Coming of Age at 60

by Liz Jansen

Trilliums SMCross-culturally, turning 60 signifies a new stage of life. It’s a threshold I’ve anticipated with a mix of excitement, vigor and trepidation, and one I crossed blissfully at 5:15 this morning.

Decades are a familiar way of marking earth time. Every transition into a new one carries with it expectations, myths, and fears—often with reassurances that “It’s OK, ” followed by one of “Life begins at 40,” or “30 is the new 50,” “40 is the new 60.” Or the worst one, “It’s better than the alternative.”

Some divide life into three stages: child, adult and elder. In Chinese culture, turning 60 marks a new beginning because you’ve been around the zodiac wheel five times, which means you’ve matched your zodiac animal with each of the terrestrial elements: earth, wood, fire, metal and water. Japanese call it Kanreki, meaning a return to the calendar, again honoring the completion of a life cycle. In Native American traditions one crosses this threshold between 56 and 60 years of age.

In any case, I’m now 60 and here’s what I think about some of the notions around this time of life.

  1. Aging: body vs. spirit. There’s no escaping the physiological aging process. Happily, our spirits don’t age. That’s why we still feel energetically like we’re 17—at least in many ways. Granted, there’s big room for improvement in the exercise department, but I do try and keep my body as healthy as possible so it can keep up with the demands of my adventure-loving spirit.
  2. Gracefulness. Here’s another stereotype. Why do we need to “age gracefully?” It sounds too much like fading out. Graceful has never been in my lexicon and it’s not likely to make an entrance now.
  3. Becoming a wisdomkeeper. In Native American traditions, “the Elders, or Old Ones are revered as repositories of ancient ways and sacred knowledge going back millenniums. They don’t preserve it. They live it.” (Wisdomkeepers, Steve Wall.) In living each moment to the fullest, my role is more and more to be there for those coming up. Although I don’t feel wise, still cringe at “elder” and don’t go anywhere near “crone,” there’s no avoiding that I’ve collected 60 years of life experience, and that counts for something.
  4. Put away the pharmaceuticals and scalpels. There’s no need for age-enhancing/defying drugs, concealer cream, patch kits or tucks. I’d rather spend my energy, time and money on having adventures.
  5. Becoming more of who I am. While birthdays are a great time for a reality check, nothing changes from what you’ve been doing all along. They’re just another notch on the continuum. The secret to being vibrant at any age is to live that way and follow your own compass every moment along the way. It’s amazing where that takes you.
  6. Embracing the road ahead. It’s open and calling, with endless possibilities. You can’t change the past, but you can create your present and future at whatever age you’re at. I have more zest for life than ever. I feel more energetic, more alive, and more ready to take on new challenges. I can’t do it yesterday. If an opportunity comes up, why wouldn’t I take it?

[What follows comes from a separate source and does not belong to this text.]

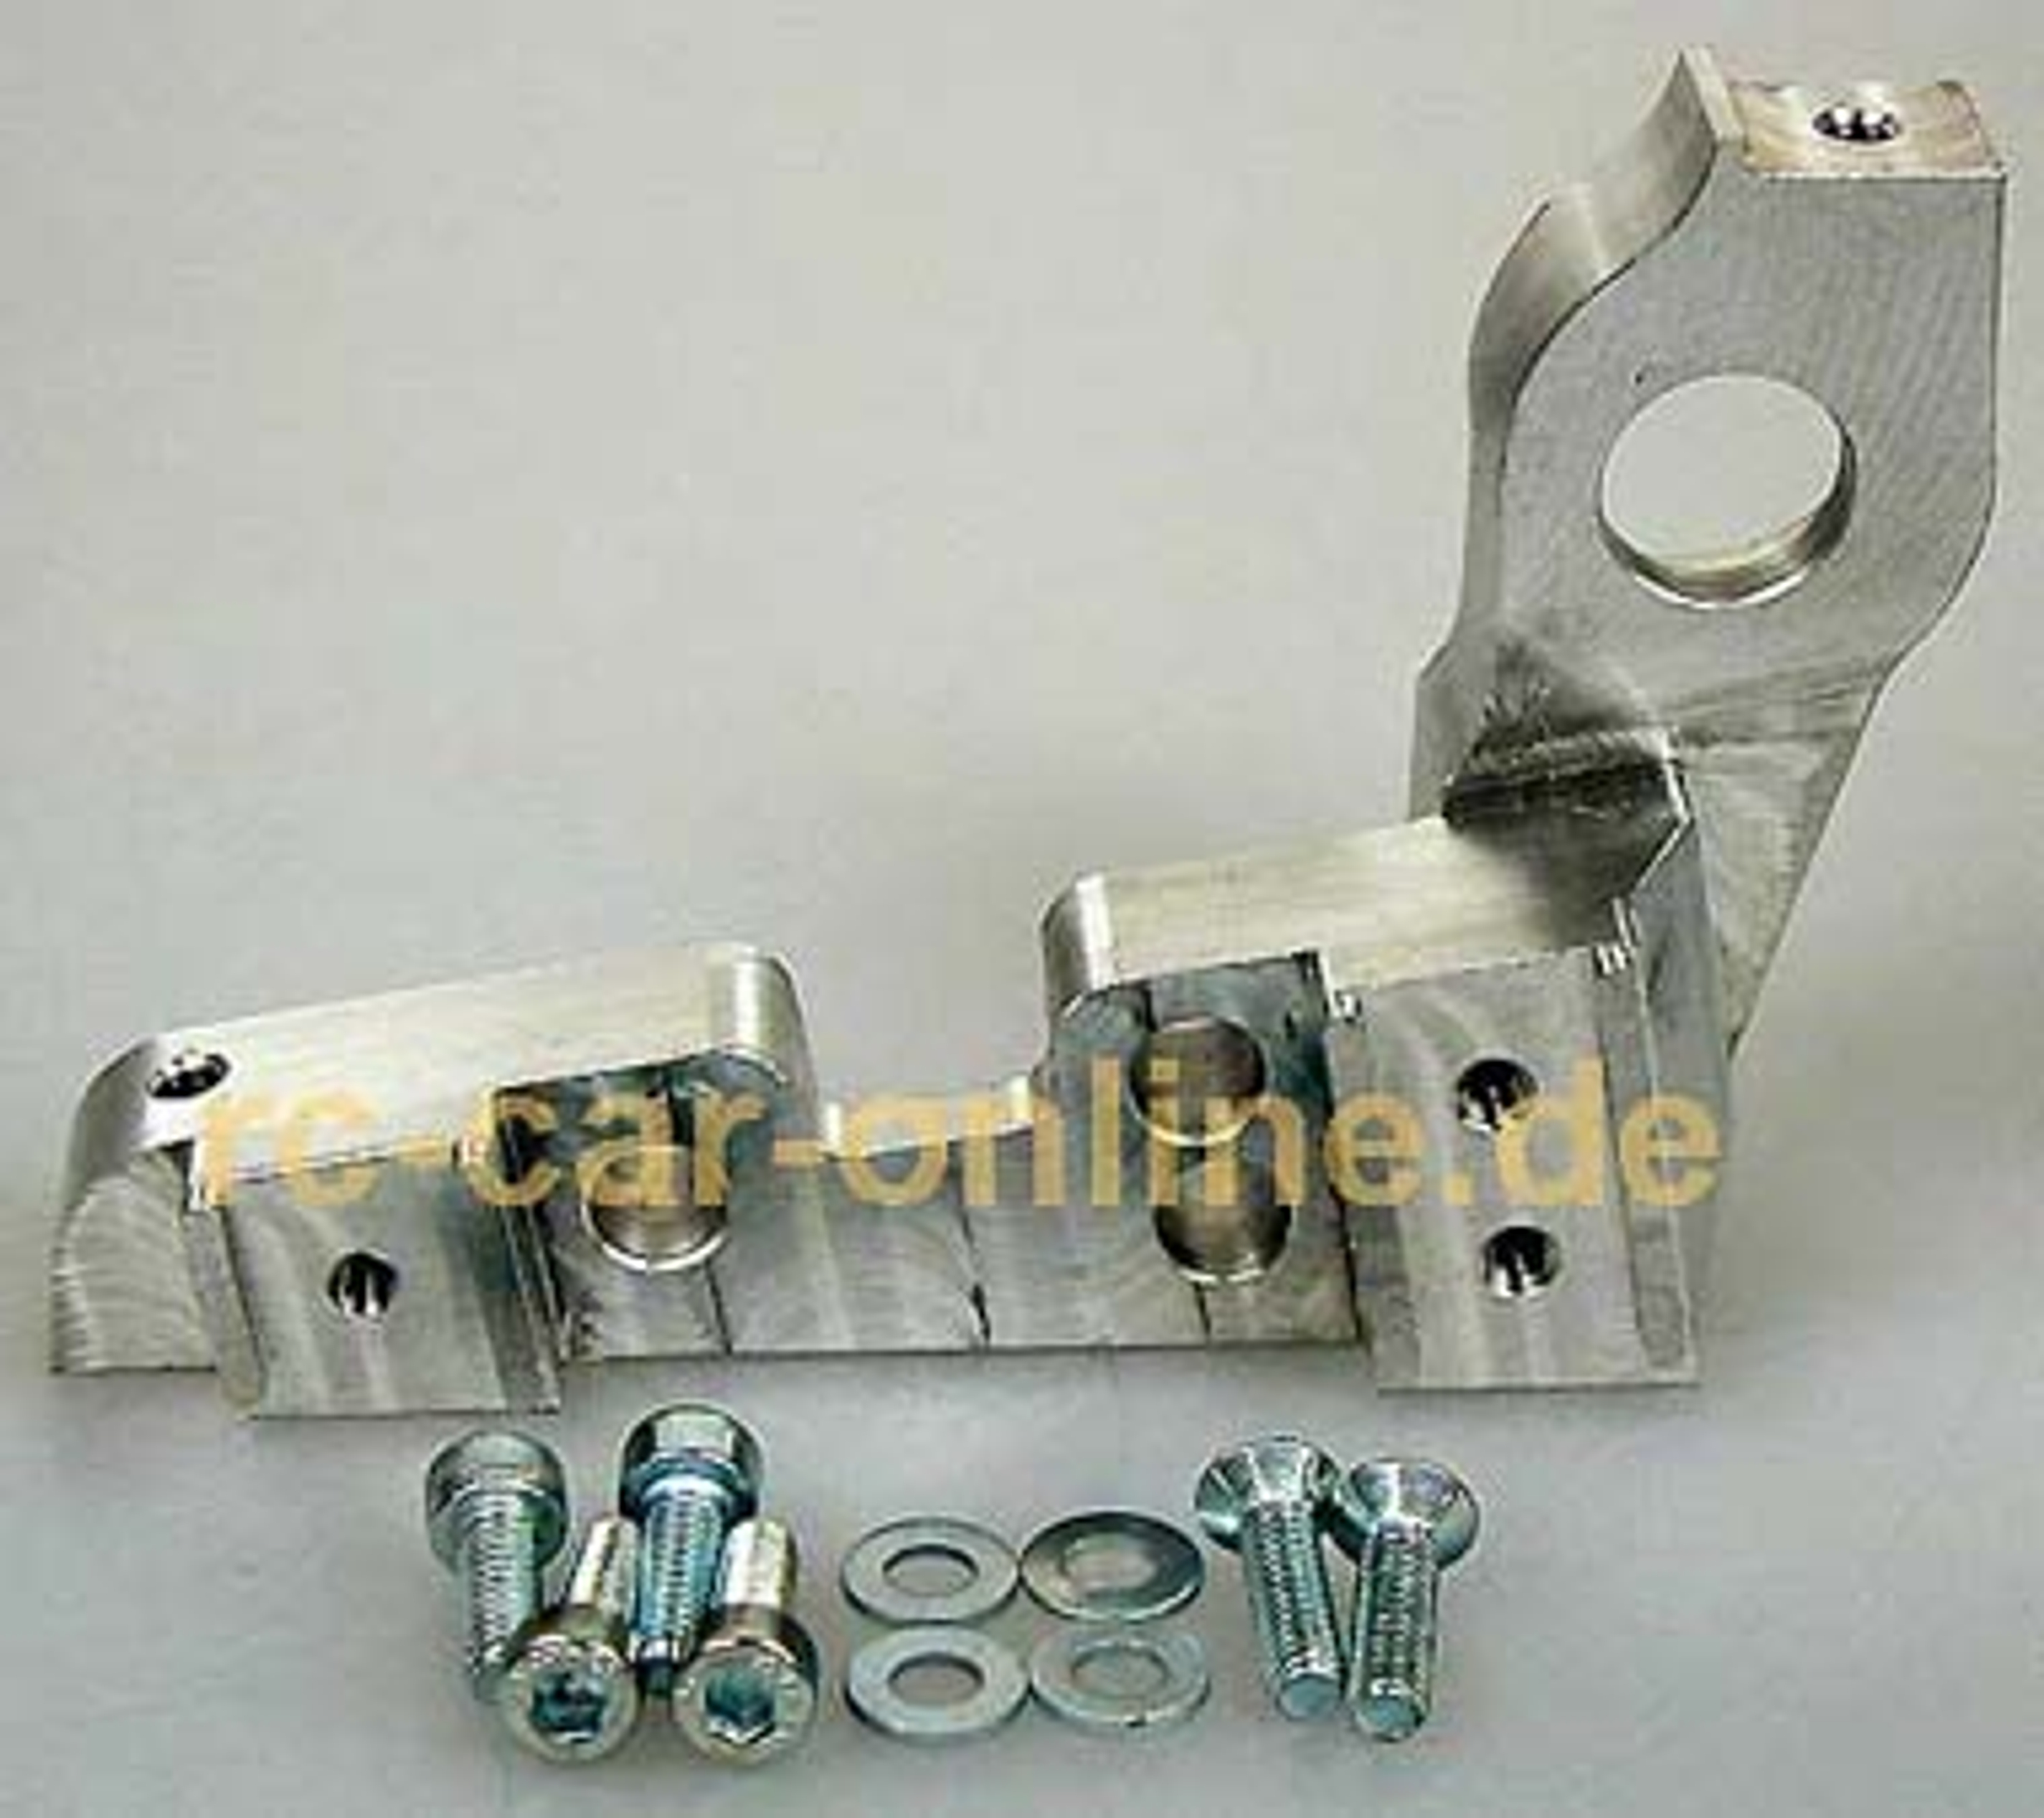 Alloy engine mount,  large for 2WD Carson / Smartech offroad cars, y0142 - 1pce.

I don’t have to think about turning 60 any more. It’s done and I’ve starting the most amazing time of my life!




Author, writer, student and motorcycle aficionado Liz Jansen combines her artistic mediums to create stories that inspire readers to embark on their own journey of self-discovery. No helmet or jacket required.

12 Comments on “Coming of Age at 60

    • Thank you Lindsey. It’s a beautiful day, I’m going to be riding, will be with friends and family – doesn’t get much better!



    • Thank you Penny. I will miss you greatly next week. Hope our paths cross in person soon!


  1. Happy Birthday, Liz! Enjoy your day. I can relate to your article as I am turning 50 this year. Regarding your number 3, I agree, forget elder, crone, etc. I prefer to be referred to as “experienced”!
    P.S. I am planning my southern road trip for next year when I will have enough vacation days to finally do it. I am motivated every time one of your articles pops up on my news fee.

    • Thanks Judy. I’m motivated any time I get one of your messages! Thanks for the inspiration. Can’t wait to hear about your fantastic trip.


  2. Happy Birthday Liz. You have been a great inspiration to me igniting the spark of courage. My best wishes for upcoming new adventures.

    • Hi Kim,

      I’ve admired watching that courage spark. It’s truly inspirational to me and I wish you continued adventures.


  3. A very happy birthday to you Liz. What a nice day to be out on the bike.

    • Thanks Marel. It’s a beautiful day and I’ll be leaving shortly. Safe travels to you too!


  4. Absolutely Liz, be in the moment. You know that at 60 you are just a kid!